— The problem —
Find the line below with "Comprehensive logistics solutions" and the line with "Un uomo a camminare". Output them and the lines between, exactly, but not the pictures.

— Supplied material —
####

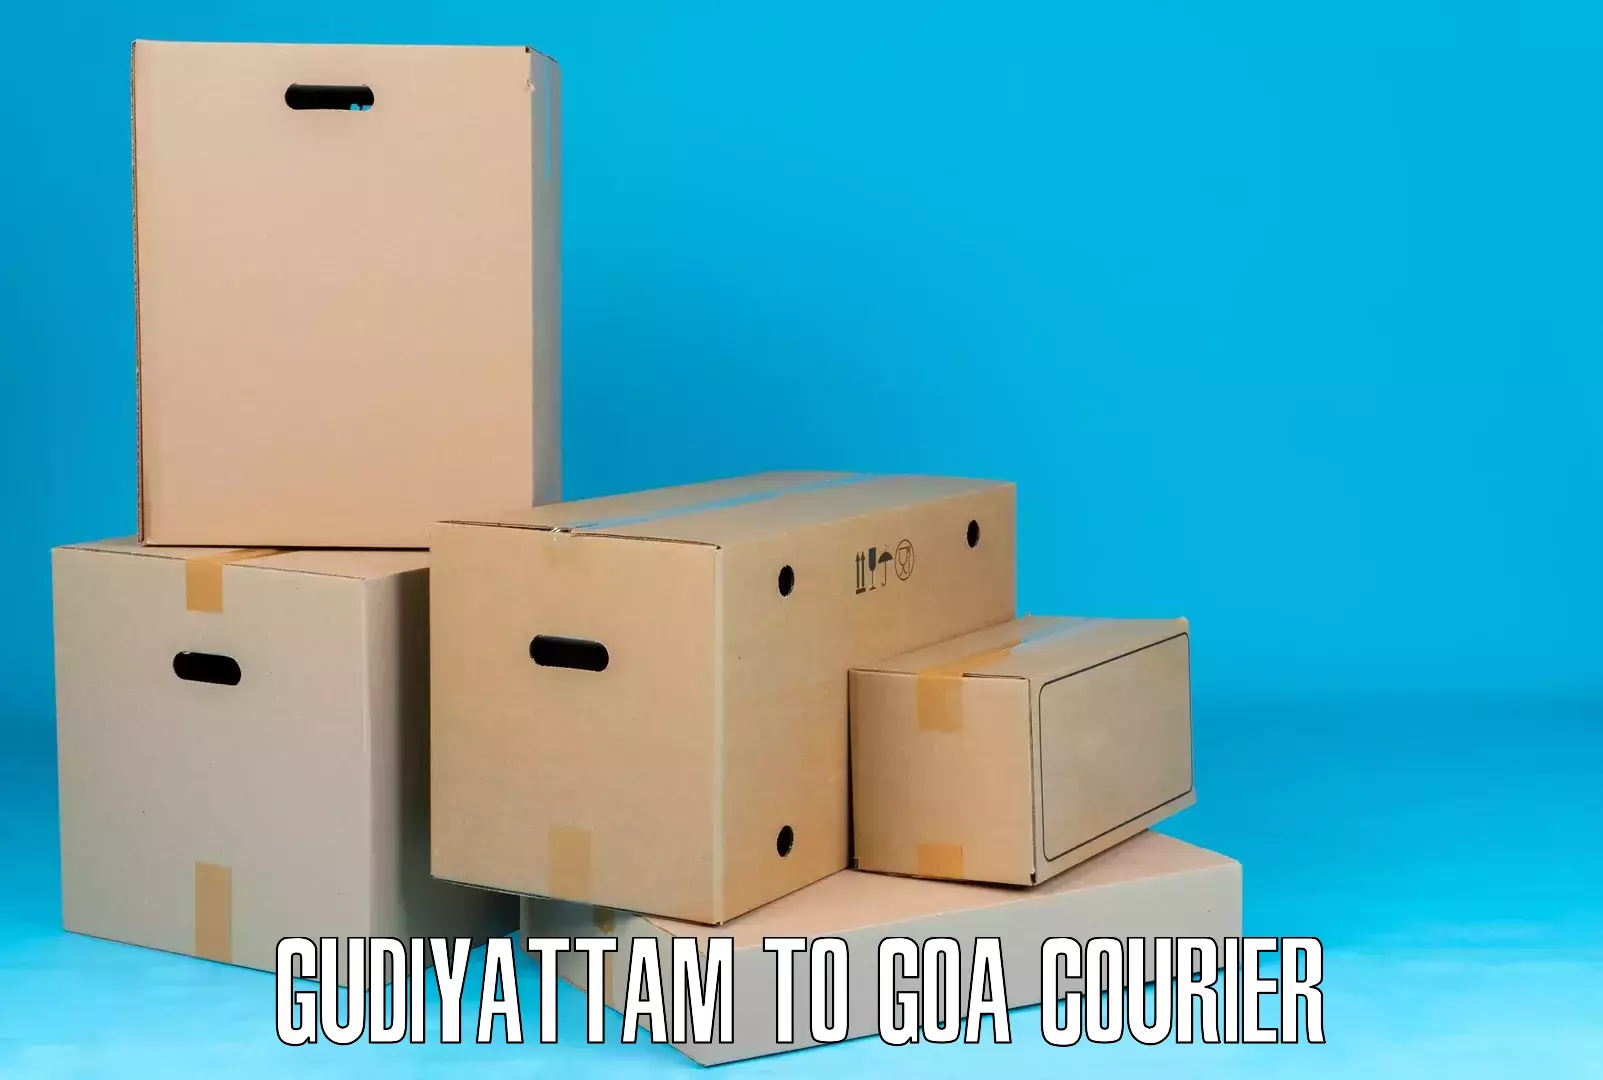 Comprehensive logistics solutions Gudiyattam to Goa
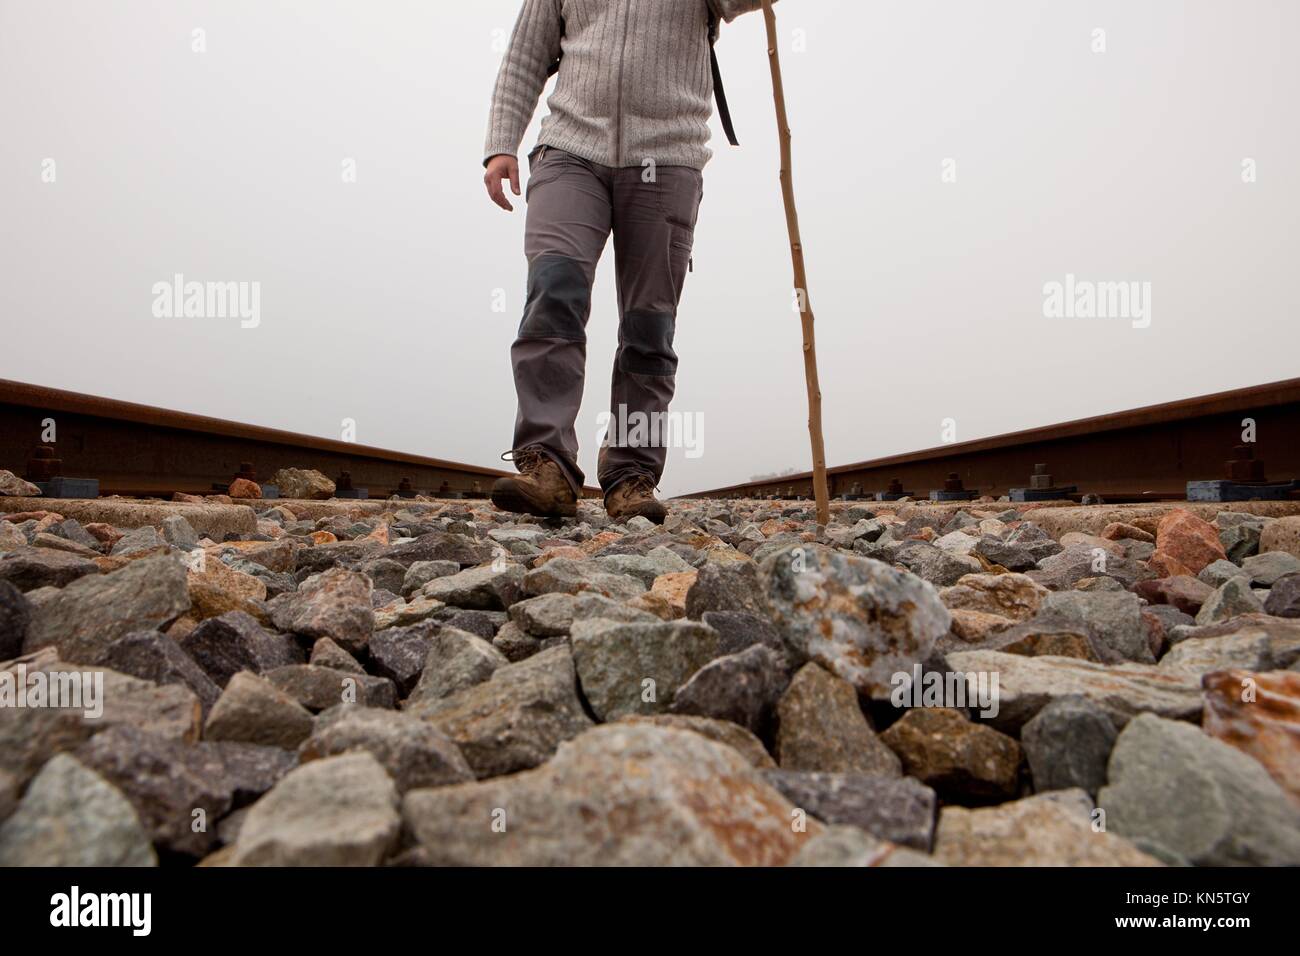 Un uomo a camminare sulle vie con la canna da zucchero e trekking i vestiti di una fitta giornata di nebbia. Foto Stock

####

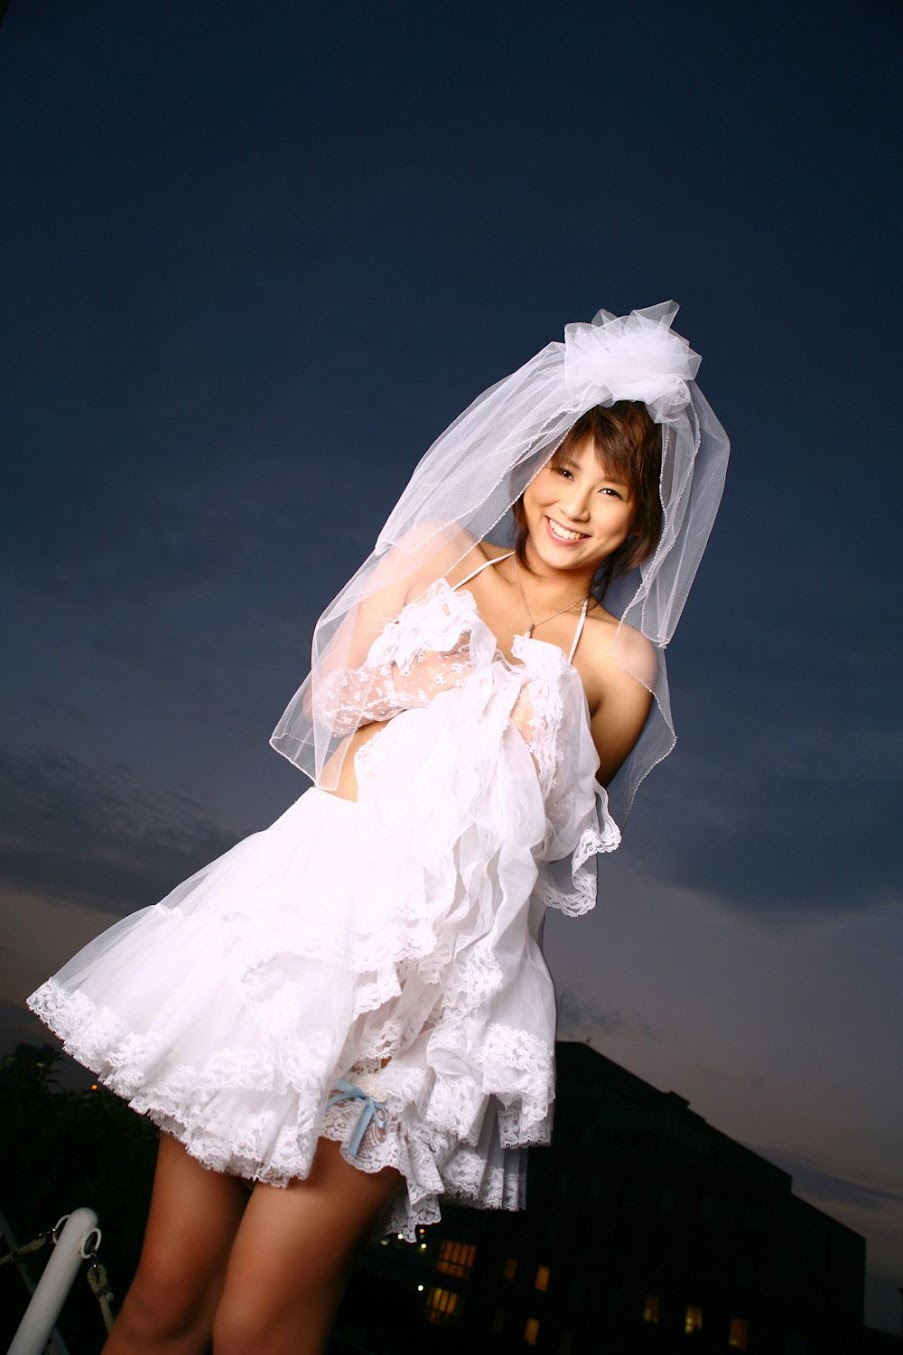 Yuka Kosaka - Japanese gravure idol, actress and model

####

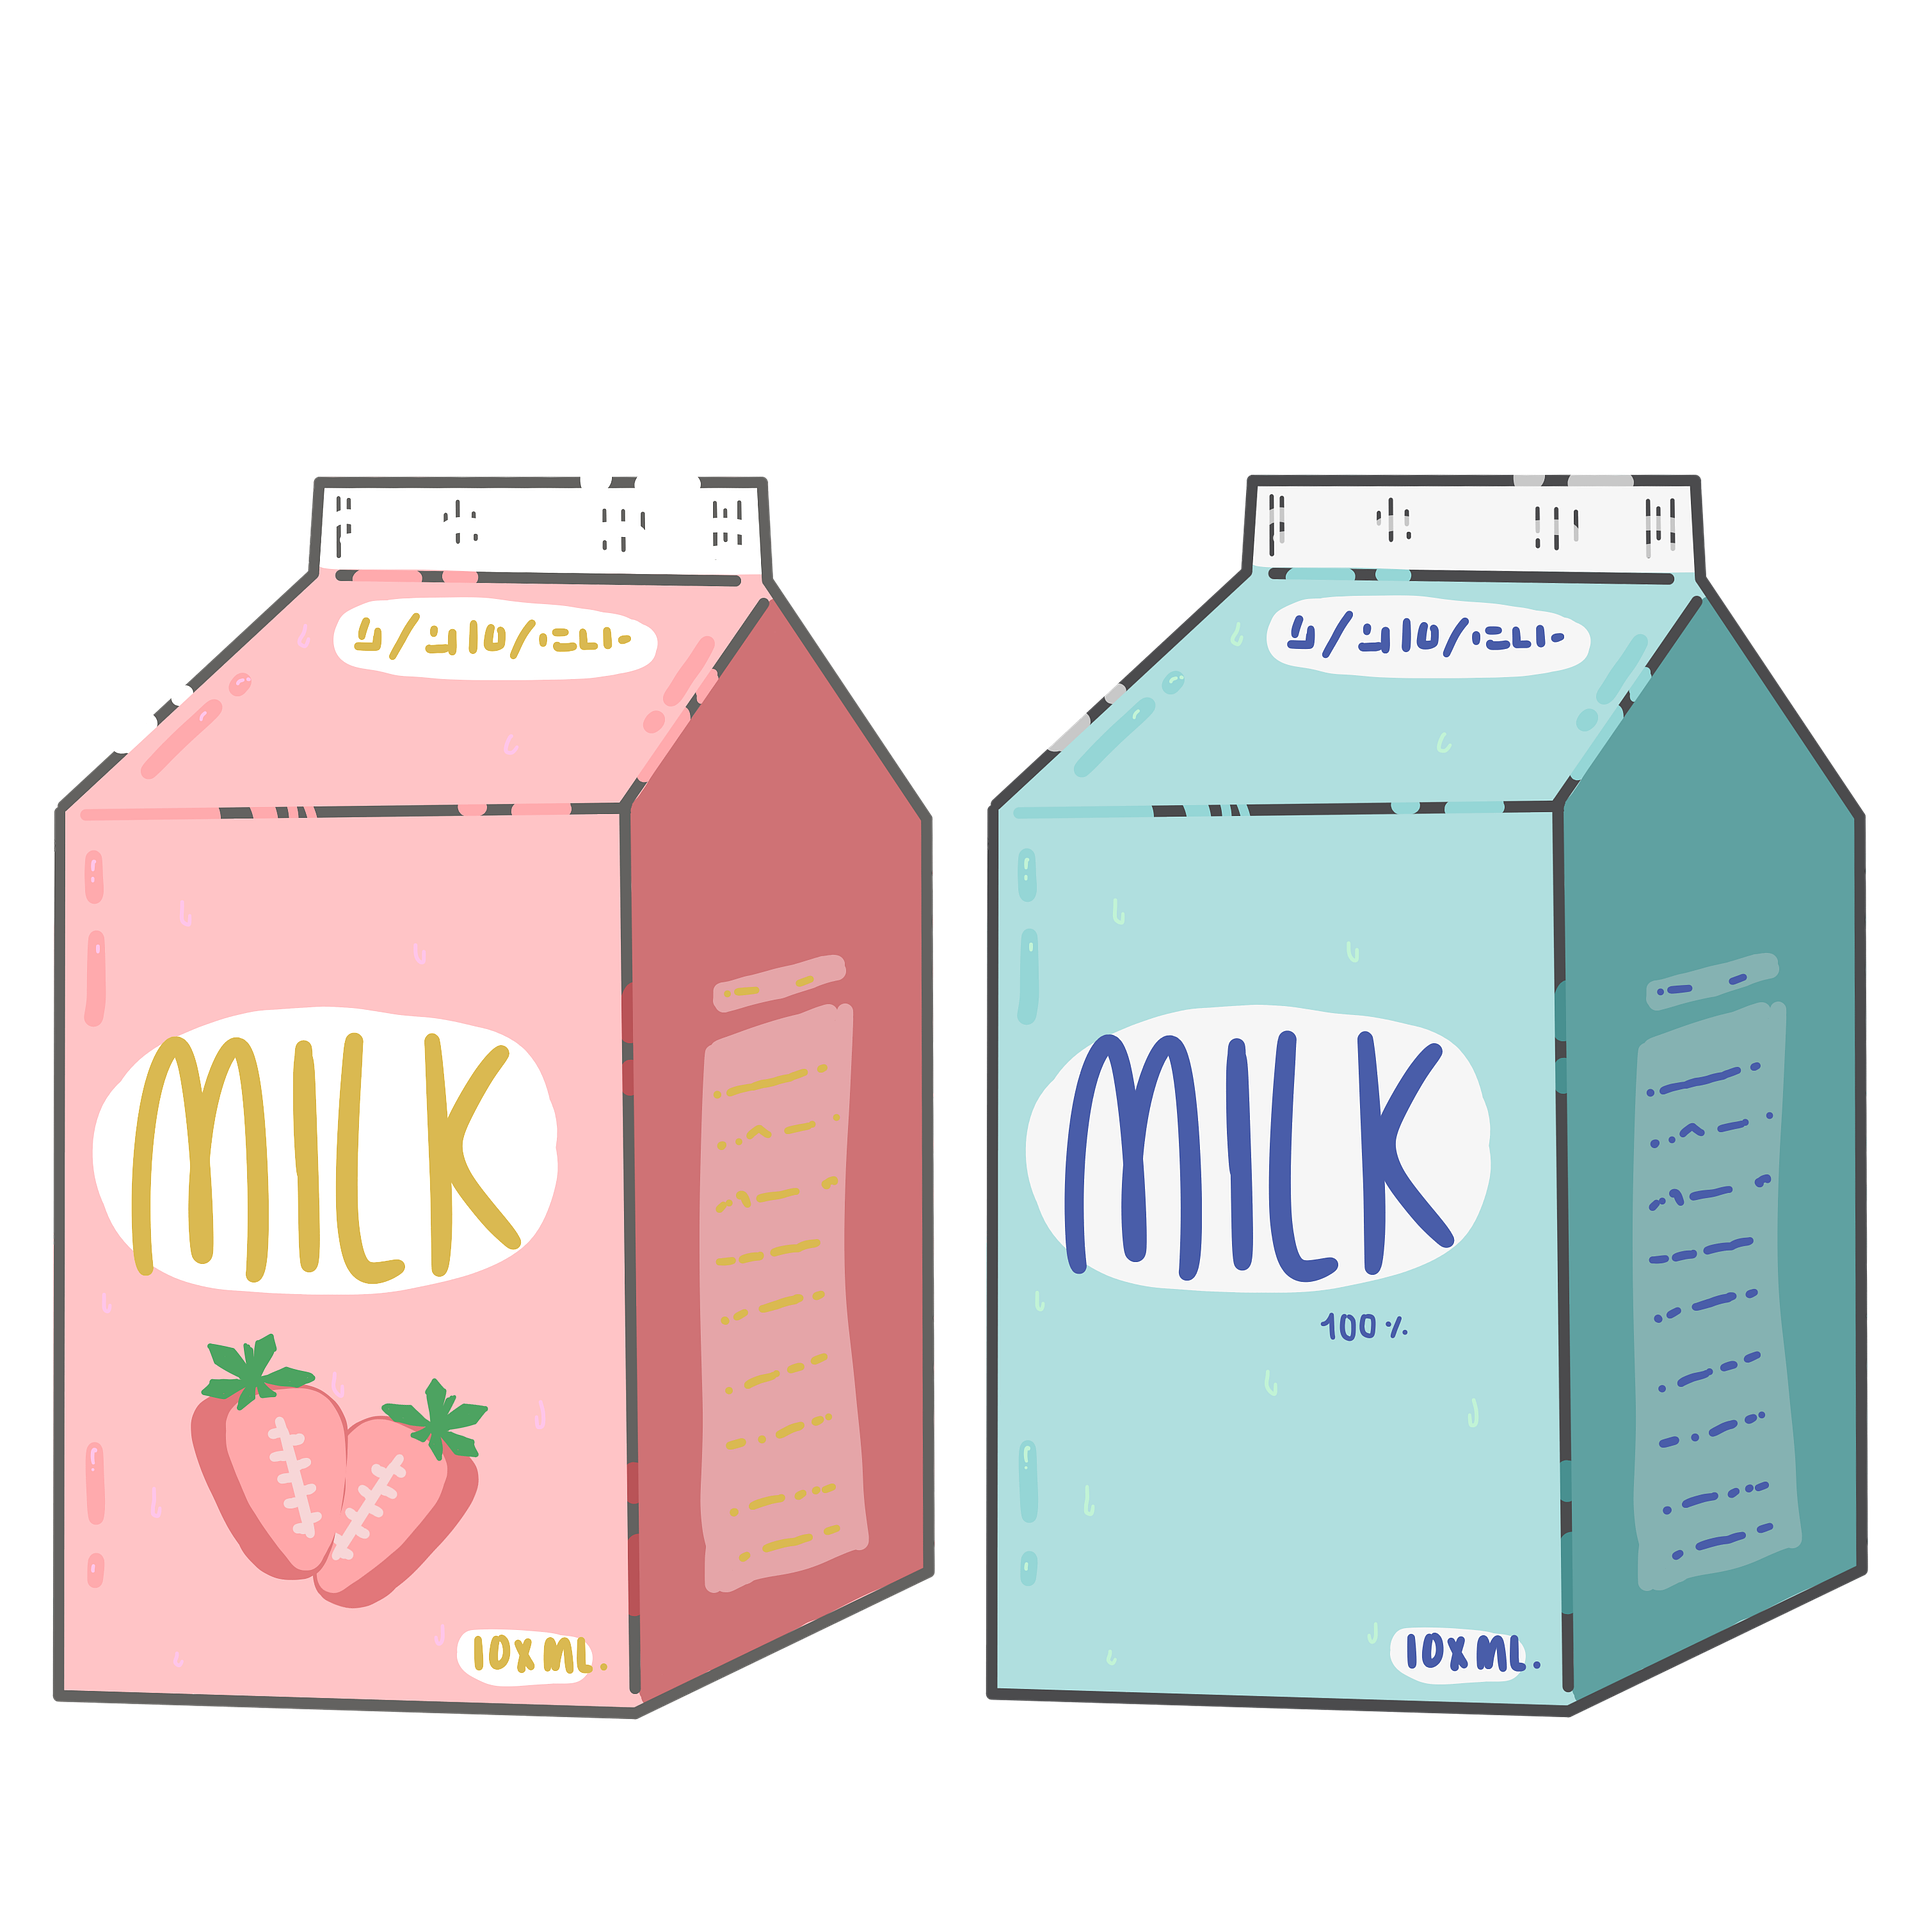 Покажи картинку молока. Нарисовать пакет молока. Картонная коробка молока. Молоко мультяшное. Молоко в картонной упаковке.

####

— Answer to the exercise —
 Comprehensive logistics solutions Gudiyattam to Goa
 Un uomo a camminare sulle vie con la canna da zucchero e trekking i vestiti di una fitta giornata di nebbia. Foto Stock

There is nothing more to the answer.